Moscow State University’s Political Science Department offers an elective course on “information war” where students are currently learning how Western intelligence agencies falsified news about the attempted assassination of Sergey Skripal and his daughter in order to embarrass the Kremlin and erode international trust in Russia.

According to a new report by the independent television network RTVI, the class is run by Andrey Manoilo, a lecturer in the Political Science Department and a former Federal Security Service agent. He tells his students that the British authorities successfully “transformed” the poisoning of the Skripals into a “nerve-agent attack on British society by a hostile foreign state,” arguing that London used “drive hunting” tactics to corner Moscow within “planted stories” that were released gradually, each supposedly more distorted and untrue than the last.
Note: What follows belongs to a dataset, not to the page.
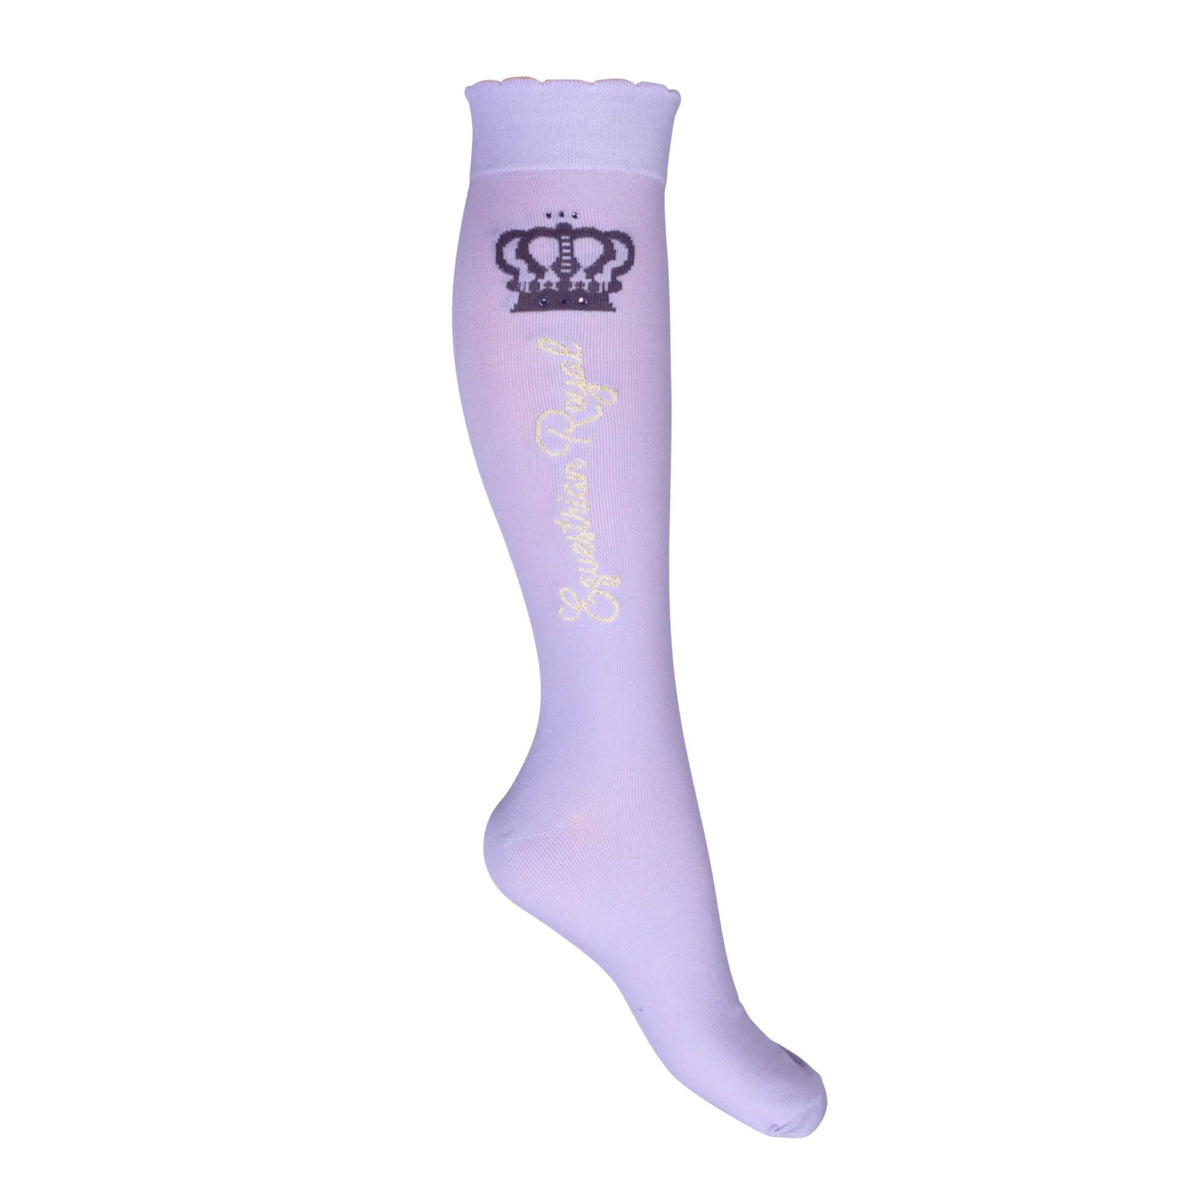 Lavender Bay socks in the colour Lavender detailing the words &quot;equestrian royal&quot; down the side aswell as a crown and diamantes at the top of the socks.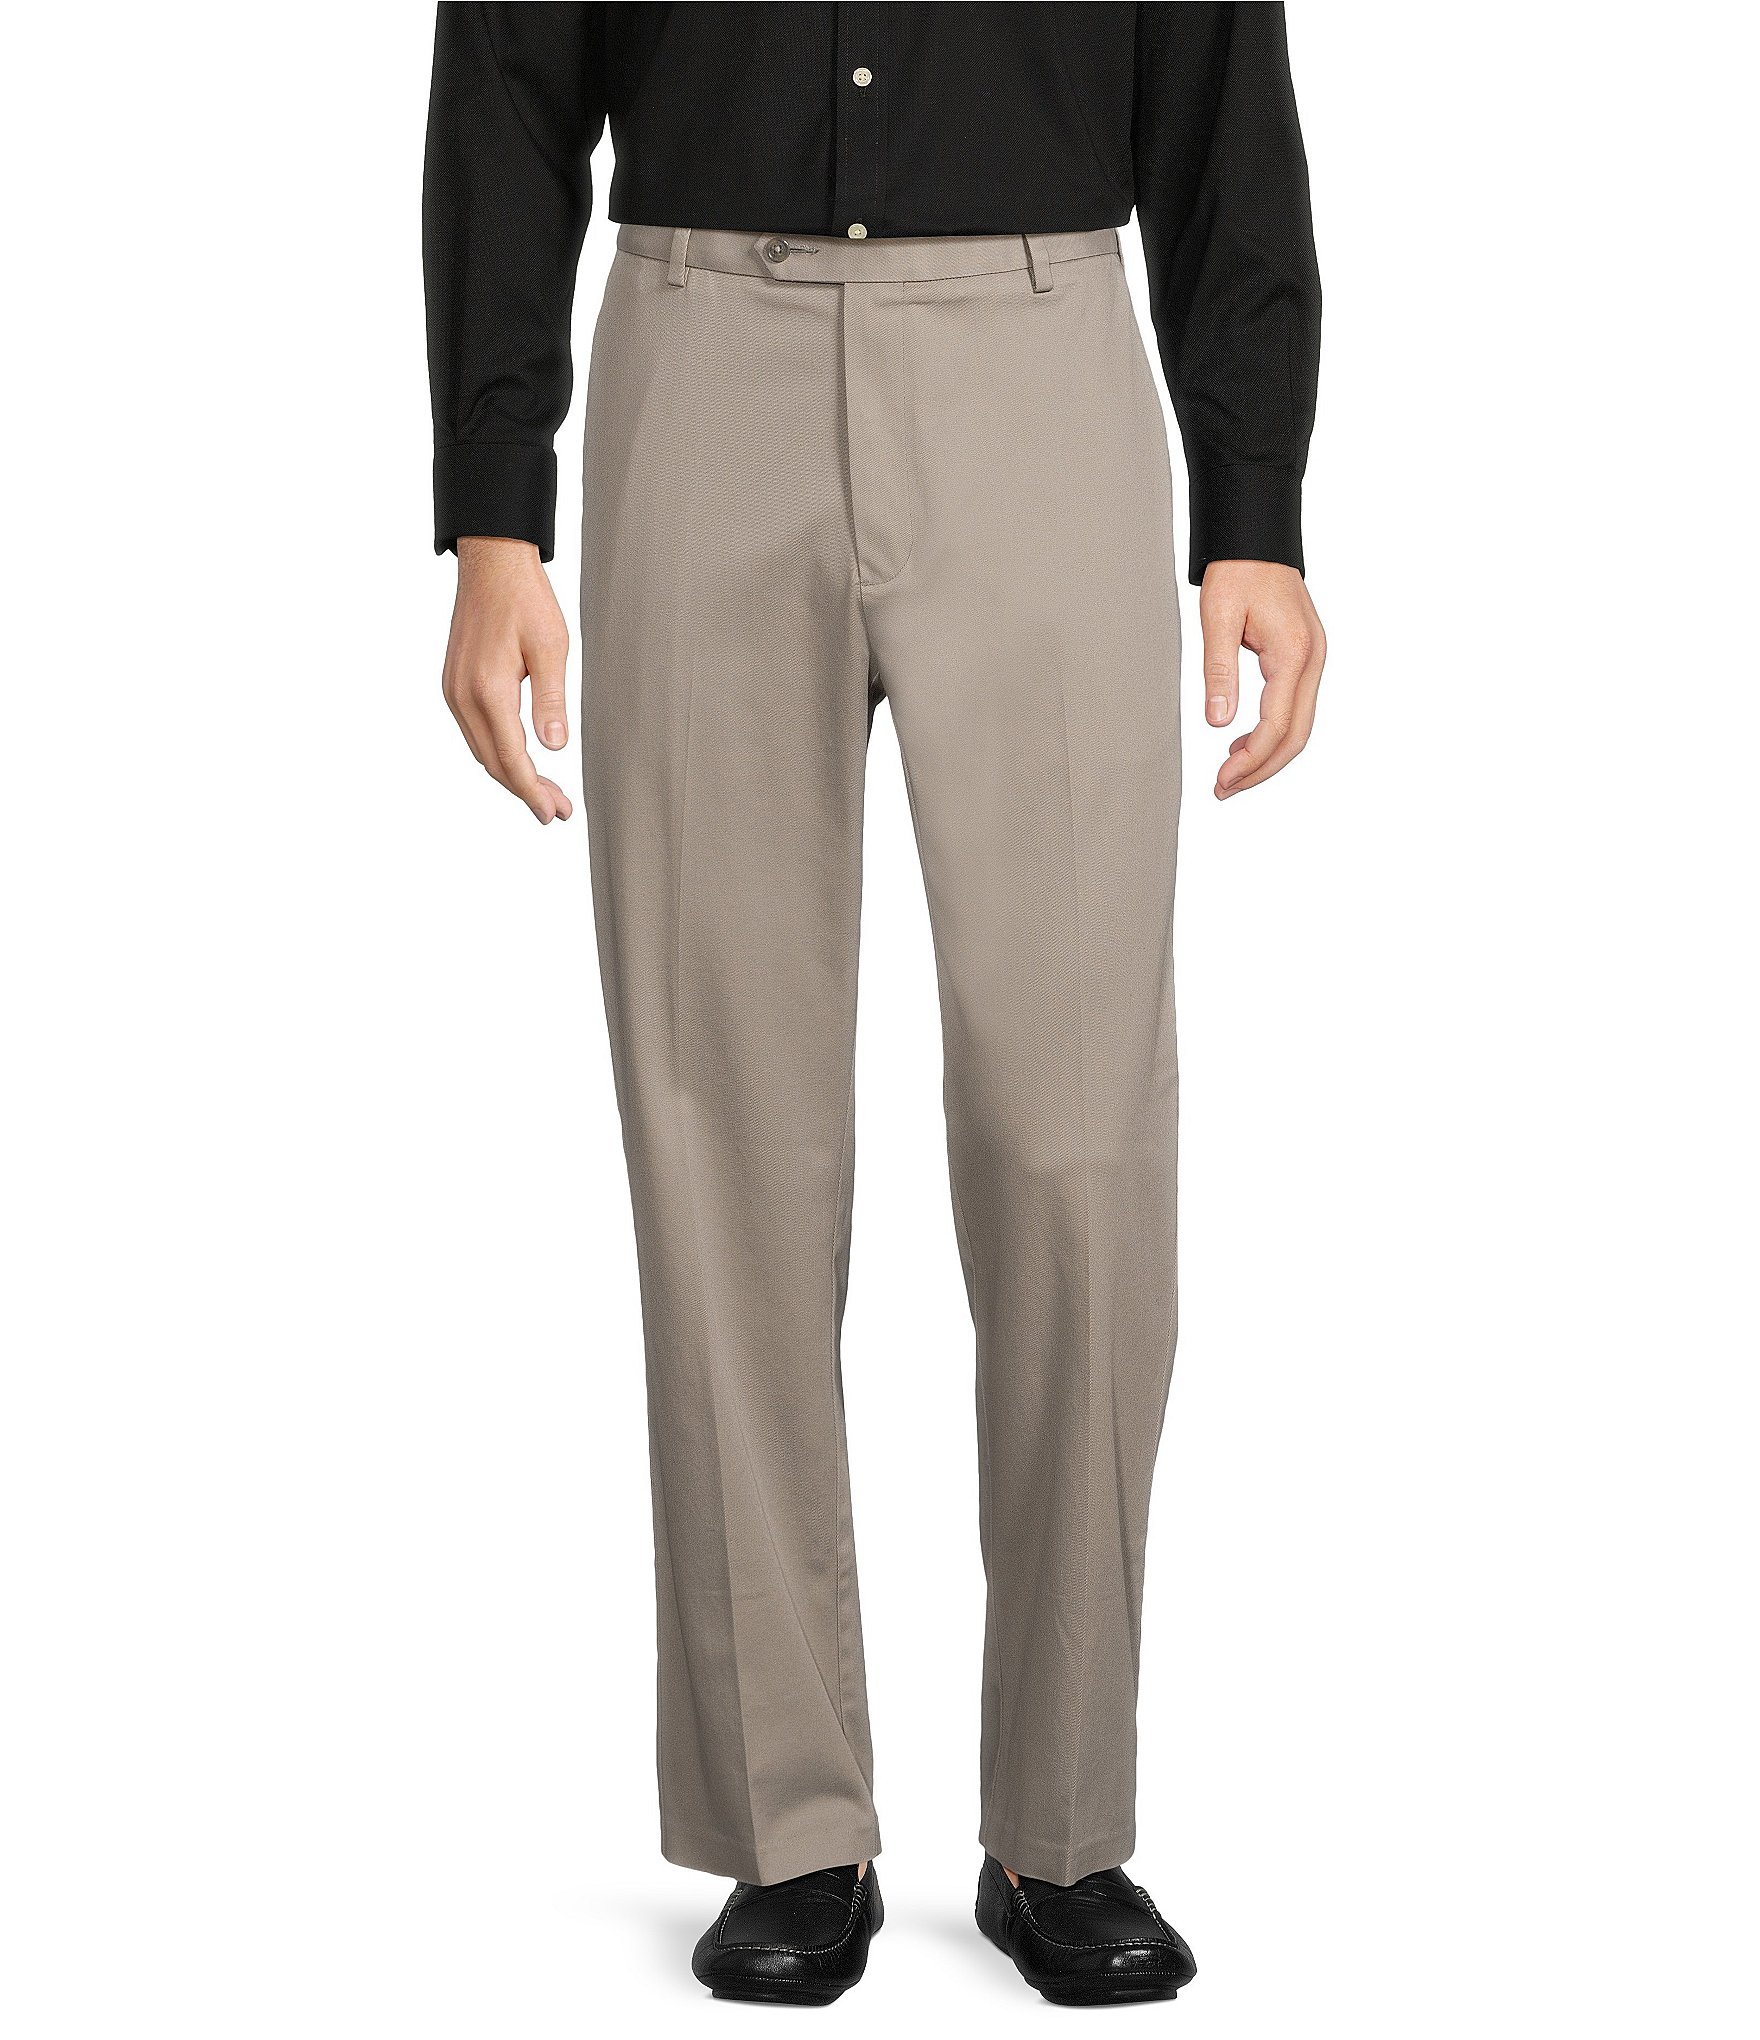 Buy Ribbed Flat-Front Trousers Online at Best Prices in India

Manoilo also teaches his class that it was a huge mistake for Russia to put the two Salisbury attack suspects (who are widely believed to be GRU operatives) on television and involve President Putin in this process. The instructor also says Moscow failed to “recognize why British intelligence forged airport security camera footage” of the two suspects at Gatwick airport.

Moscow State University students reportedly told RTVI that the course provides them with “new information, not propaganda,” insisting that they “verify everything on the Internet.” Manoilo told the TV network that his course differs little from a class offered at Cambridge University, where students supposedly study “the Panama Papers scandal.”

RTVI reports that there is a similar course on “information war” offered to journalism students at the Moscow State Institute of International Relations. Tatyana Alexeeva, the deputy dean of the school’s Political Science Department, admitted that it’s sometimes hard to present the subject matter in this class without personal bias. “It’s difficult, but it’s possible,” she told RTVI.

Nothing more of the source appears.